··· Data extract ···

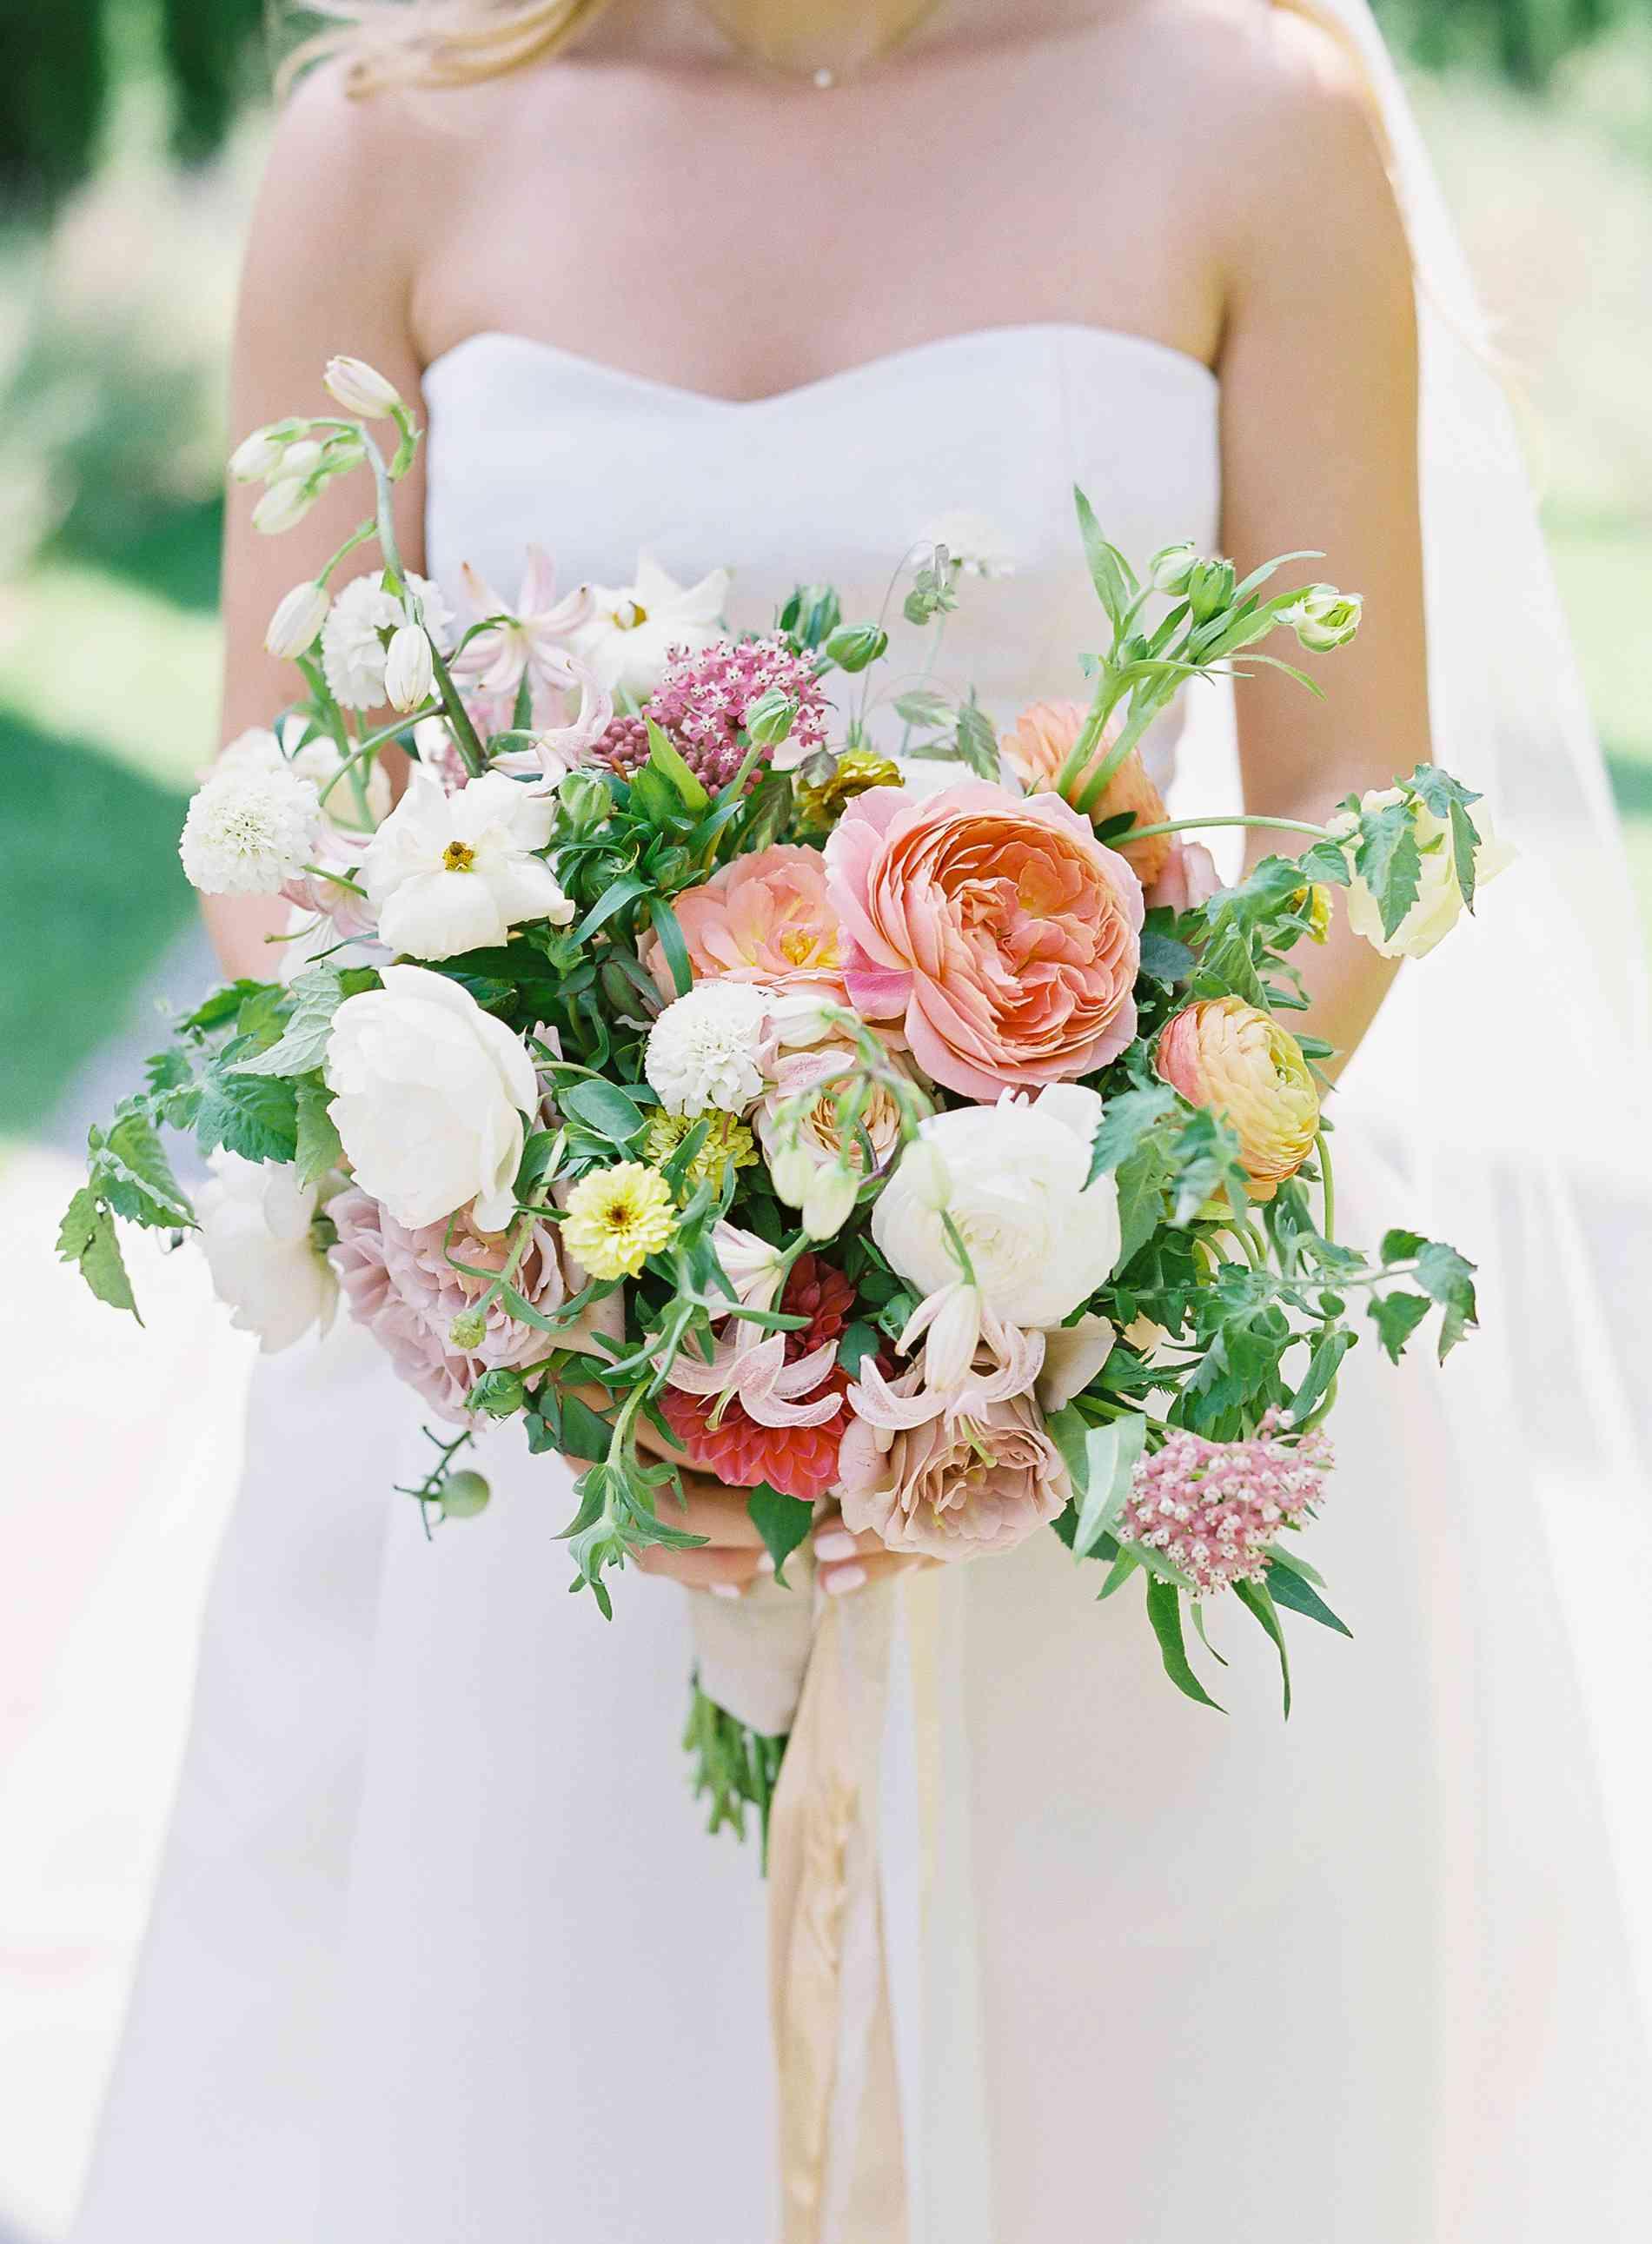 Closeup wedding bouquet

···
··· Data extract ···

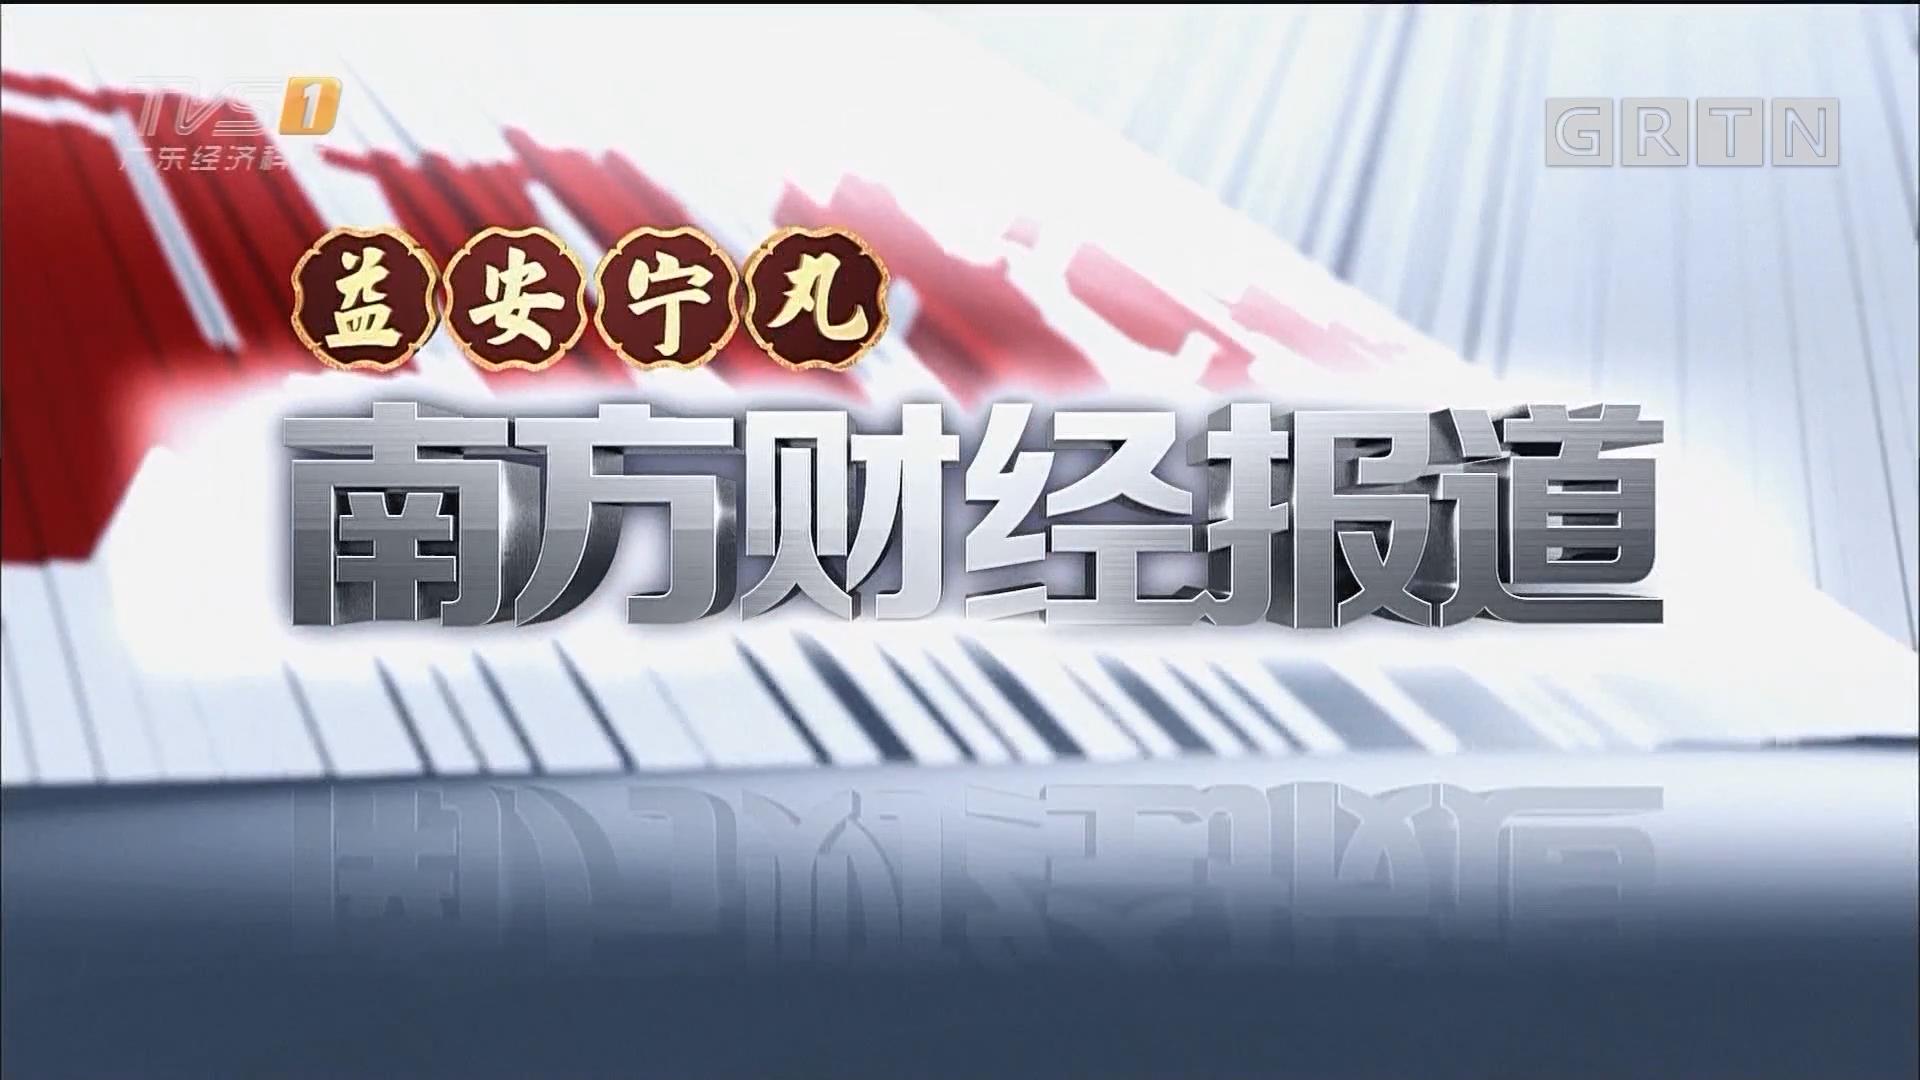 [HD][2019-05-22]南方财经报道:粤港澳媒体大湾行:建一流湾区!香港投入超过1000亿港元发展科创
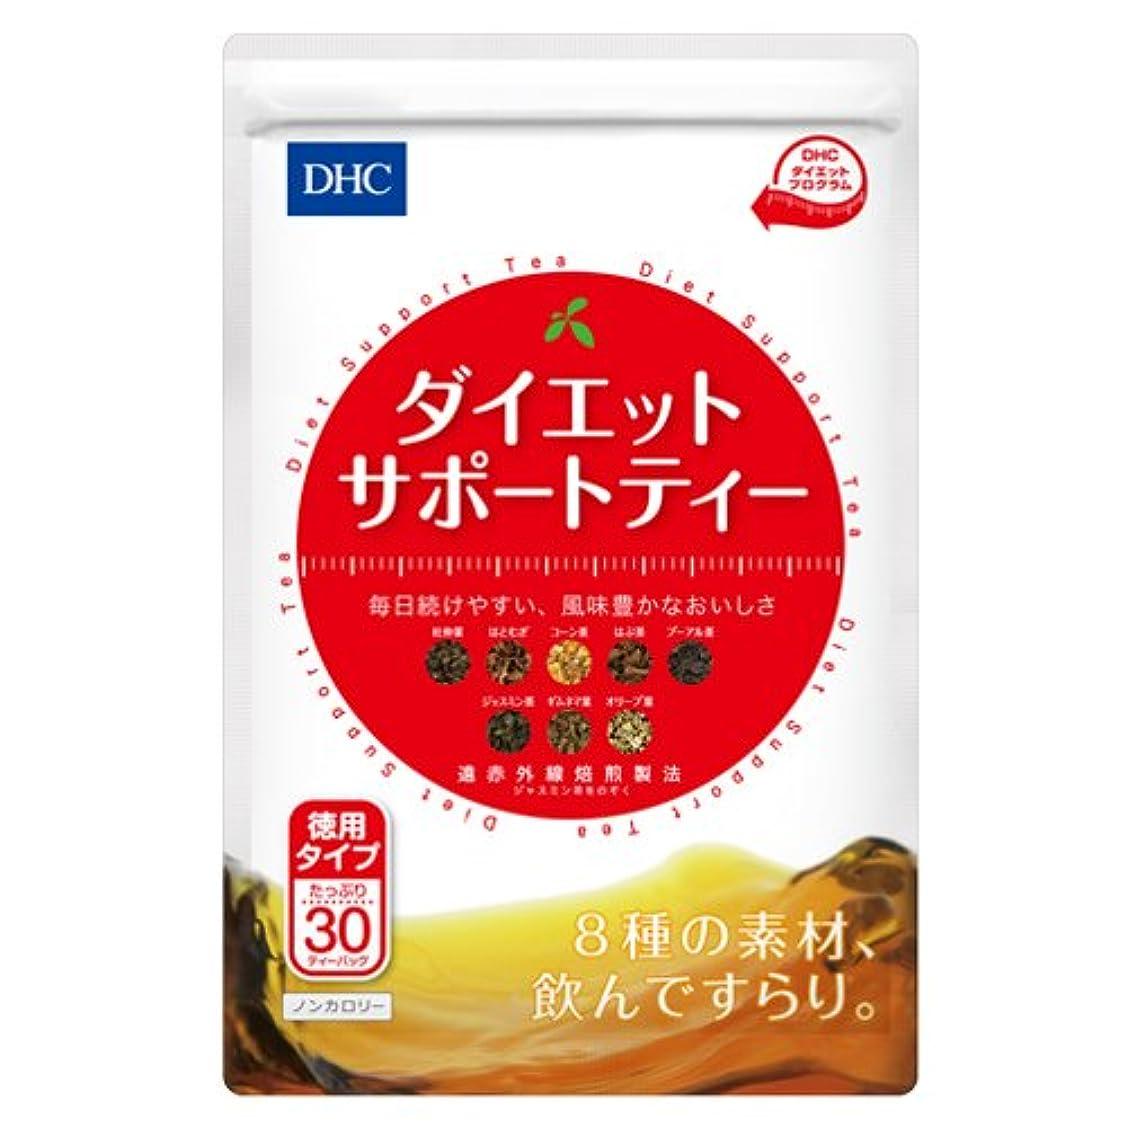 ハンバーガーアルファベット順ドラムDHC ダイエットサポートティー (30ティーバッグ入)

···

What is required.
Your reply should consist solely of the lines above from the line containing "[HD][2019-05-2" up to and including the line containing "ハンバーガーアルファベット順ドラムDHC ダイエットサポートティー (30ティーバッグ入)", reproduced exactly, minus the pictures.

Exercise solution.
 [HD][2019-05-22]南方财经报道:粤港澳媒体大湾行:建一流湾区!香港投入超过1000亿港元发展科创
 ハンバーガーアルファベット順ドラムDHC ダイエットサポートティー (30ティーバッグ入)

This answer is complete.